Problem to solve: All of the listing, from first line to last, should be output exactly; the pictures stay out.

Collected material:
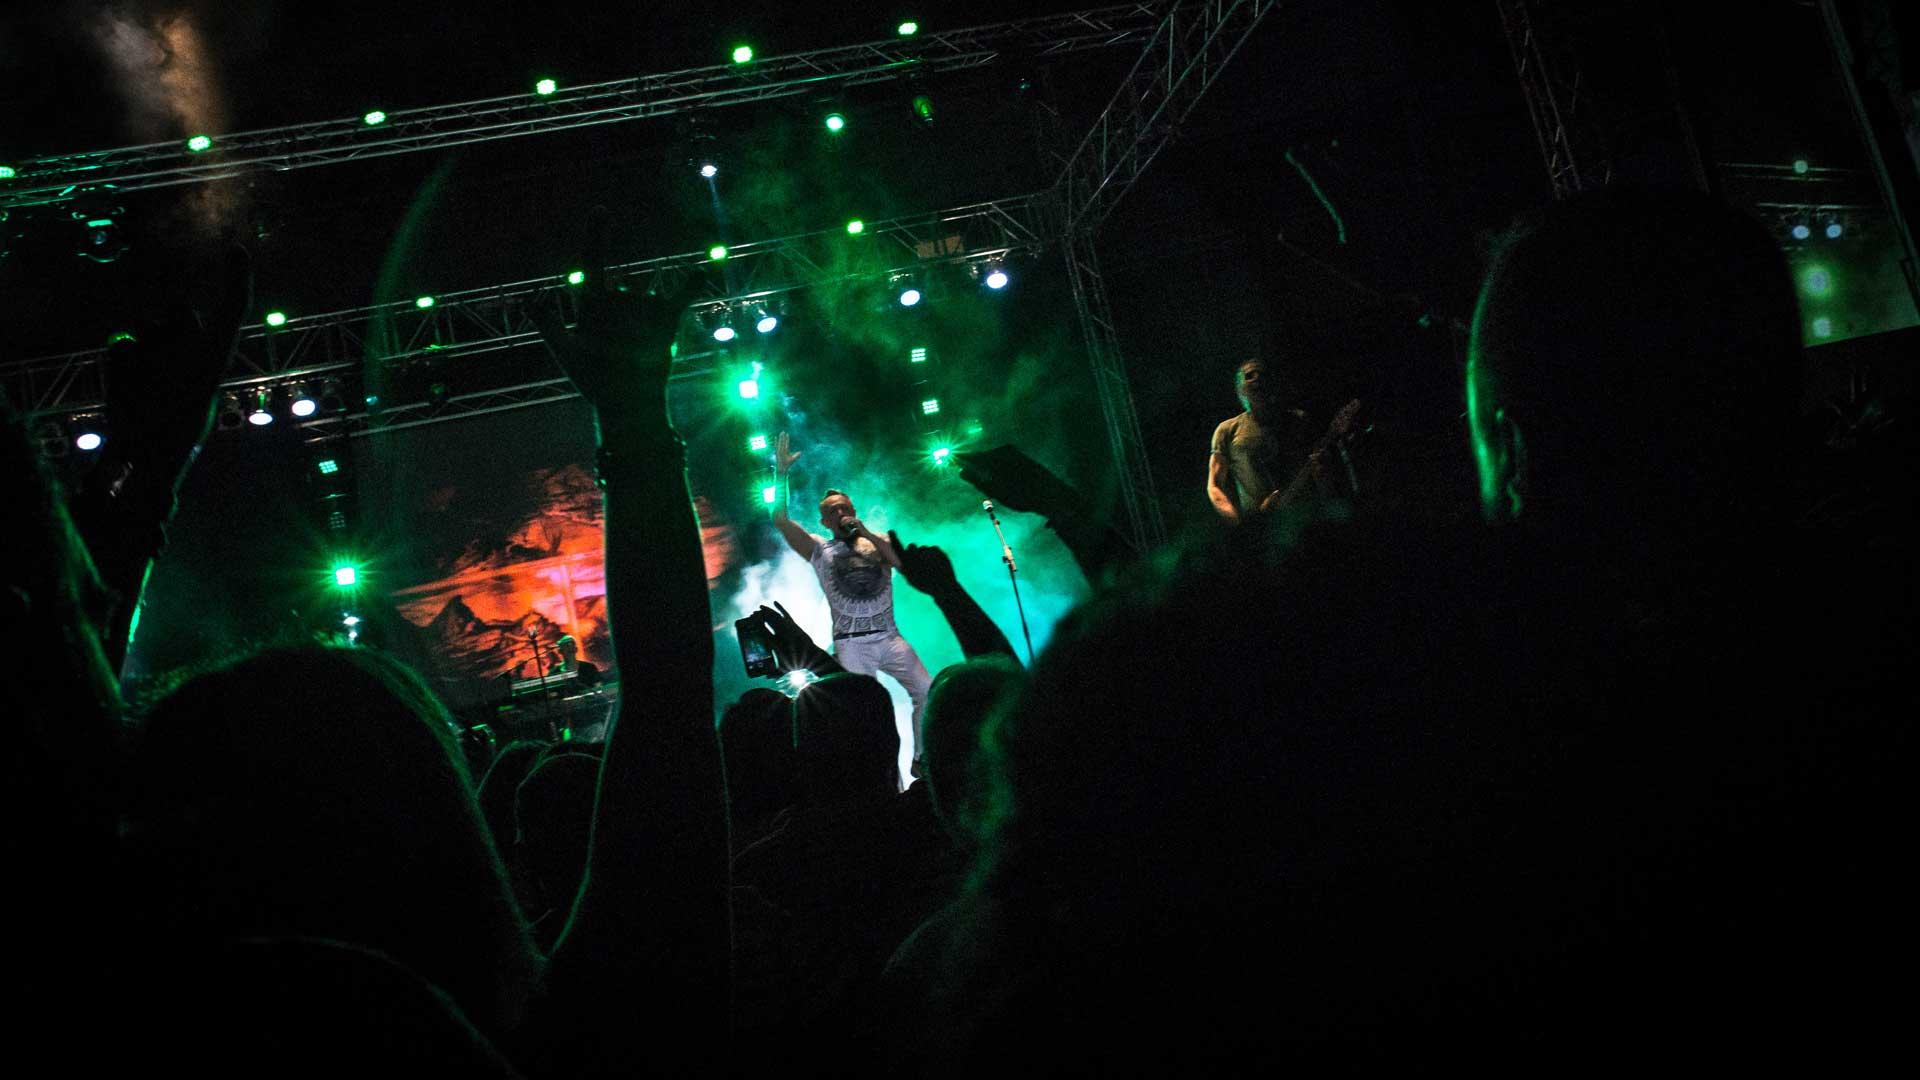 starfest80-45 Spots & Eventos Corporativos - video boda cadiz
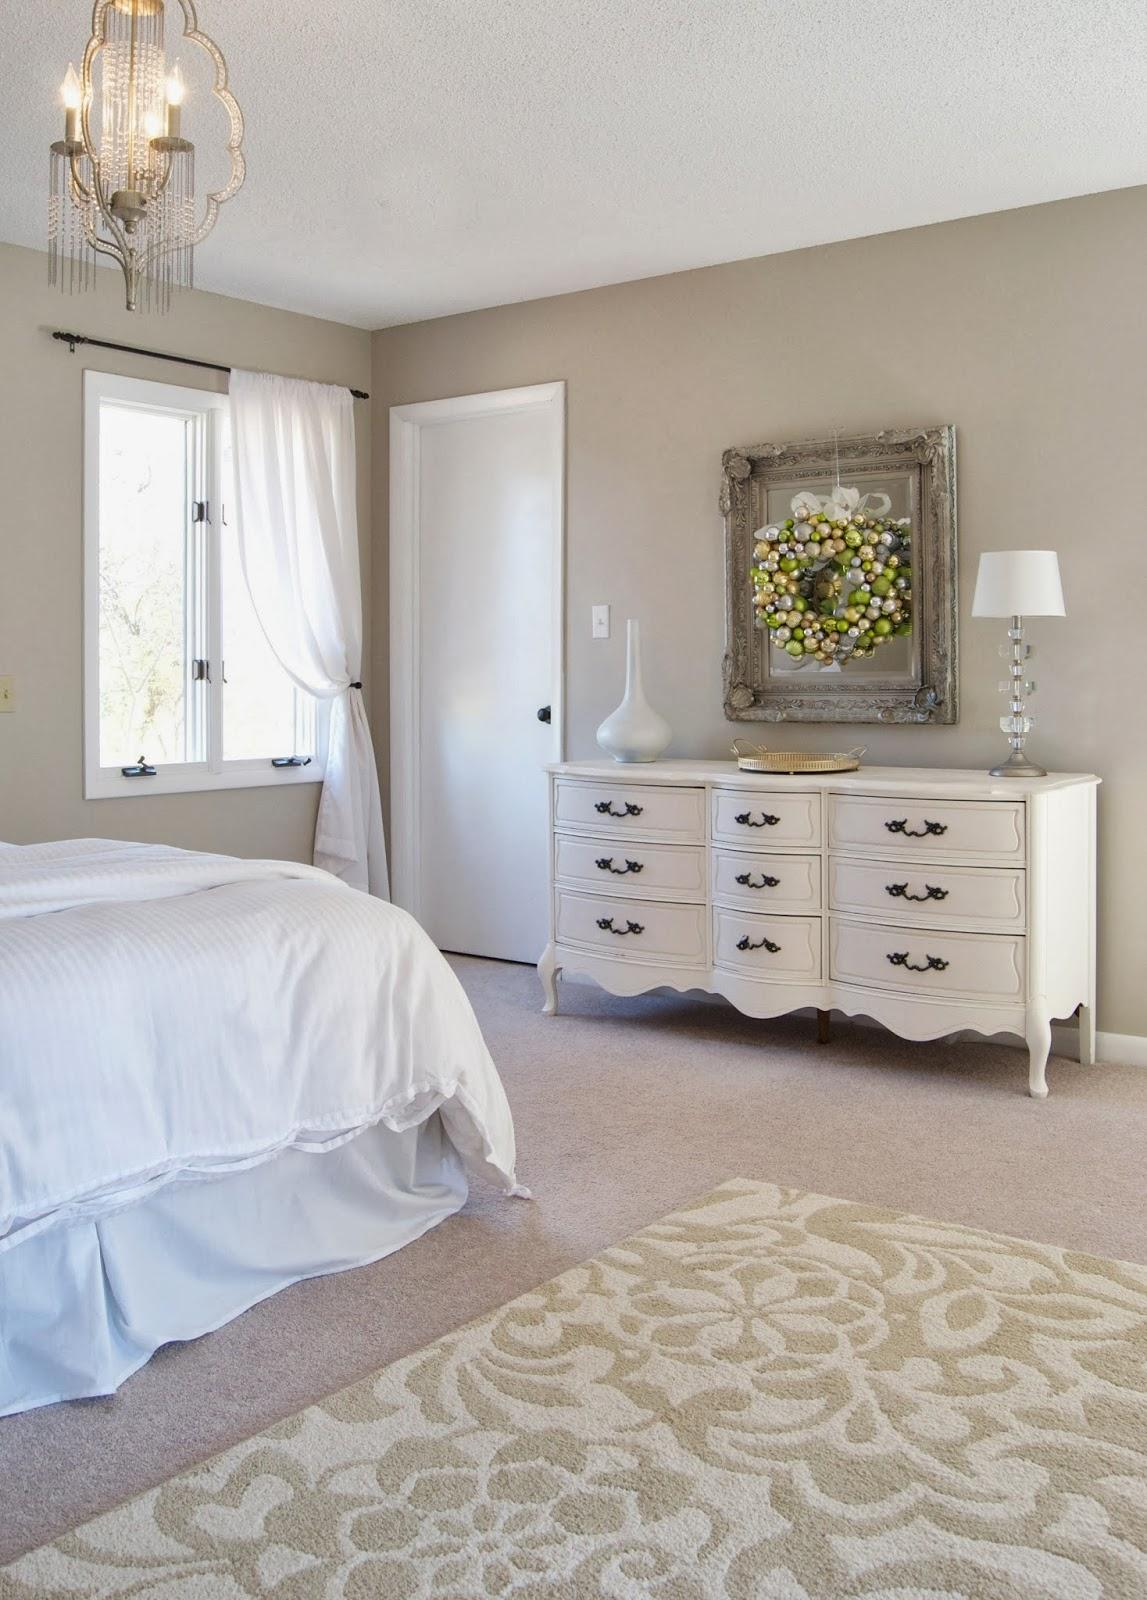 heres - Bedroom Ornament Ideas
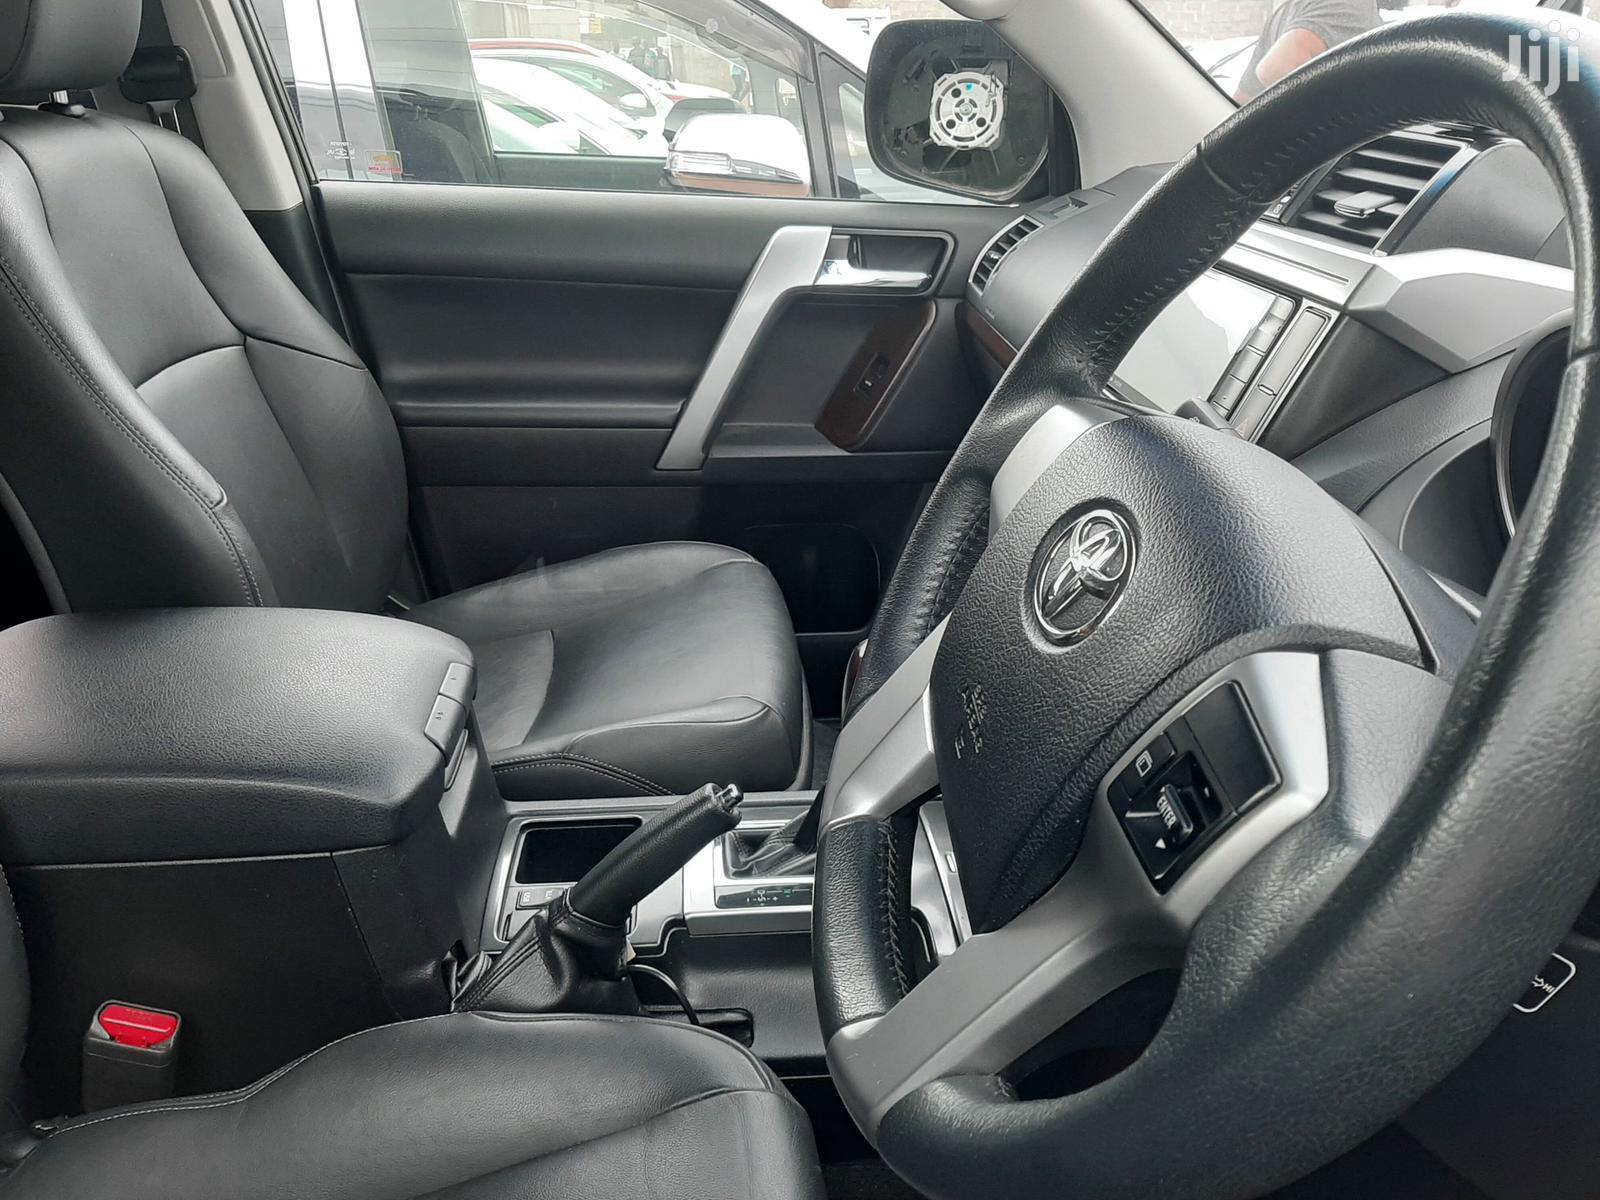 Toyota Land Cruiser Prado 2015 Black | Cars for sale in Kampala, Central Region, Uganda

Answer to this problem:
 starfest80-45 Spots & Eventos Corporativos - video boda cadiz
 heres - Bedroom Ornament Ideas
 Toyota Land Cruiser Prado 2015 Black | Cars for sale in Kampala, Central Region, Uganda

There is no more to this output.